• **Directions for this task**
Once you have counted the lines below that contain "Ideas", give that number and nothing else.

+++ Data records +++

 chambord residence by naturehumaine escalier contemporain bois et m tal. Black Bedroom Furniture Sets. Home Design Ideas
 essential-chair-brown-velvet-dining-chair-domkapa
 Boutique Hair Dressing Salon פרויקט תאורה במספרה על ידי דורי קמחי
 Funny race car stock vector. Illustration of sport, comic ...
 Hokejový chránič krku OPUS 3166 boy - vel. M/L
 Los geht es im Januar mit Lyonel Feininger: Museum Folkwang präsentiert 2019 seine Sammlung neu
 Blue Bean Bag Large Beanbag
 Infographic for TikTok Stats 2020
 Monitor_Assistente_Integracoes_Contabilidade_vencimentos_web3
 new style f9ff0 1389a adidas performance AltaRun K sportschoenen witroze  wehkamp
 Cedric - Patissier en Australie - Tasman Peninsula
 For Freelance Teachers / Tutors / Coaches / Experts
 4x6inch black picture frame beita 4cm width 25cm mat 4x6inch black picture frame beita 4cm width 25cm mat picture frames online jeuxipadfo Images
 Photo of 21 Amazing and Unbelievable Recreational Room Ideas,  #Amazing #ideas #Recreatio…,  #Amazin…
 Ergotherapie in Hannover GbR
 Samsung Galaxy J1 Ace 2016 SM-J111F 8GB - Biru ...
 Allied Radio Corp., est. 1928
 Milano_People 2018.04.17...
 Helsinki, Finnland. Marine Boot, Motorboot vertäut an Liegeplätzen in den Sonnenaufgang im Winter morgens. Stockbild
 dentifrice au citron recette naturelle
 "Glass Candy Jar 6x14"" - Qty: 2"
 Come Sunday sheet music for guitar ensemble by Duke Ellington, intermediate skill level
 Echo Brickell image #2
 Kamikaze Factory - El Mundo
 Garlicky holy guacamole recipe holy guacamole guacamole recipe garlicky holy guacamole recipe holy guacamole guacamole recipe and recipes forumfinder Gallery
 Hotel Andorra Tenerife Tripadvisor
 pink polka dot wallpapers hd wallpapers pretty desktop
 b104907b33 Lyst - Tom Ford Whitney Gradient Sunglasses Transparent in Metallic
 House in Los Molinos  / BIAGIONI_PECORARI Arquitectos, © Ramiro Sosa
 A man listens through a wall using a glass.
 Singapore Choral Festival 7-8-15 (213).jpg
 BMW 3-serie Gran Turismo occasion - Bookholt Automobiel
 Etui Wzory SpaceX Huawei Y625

+++

• **Reply to the exercise**
2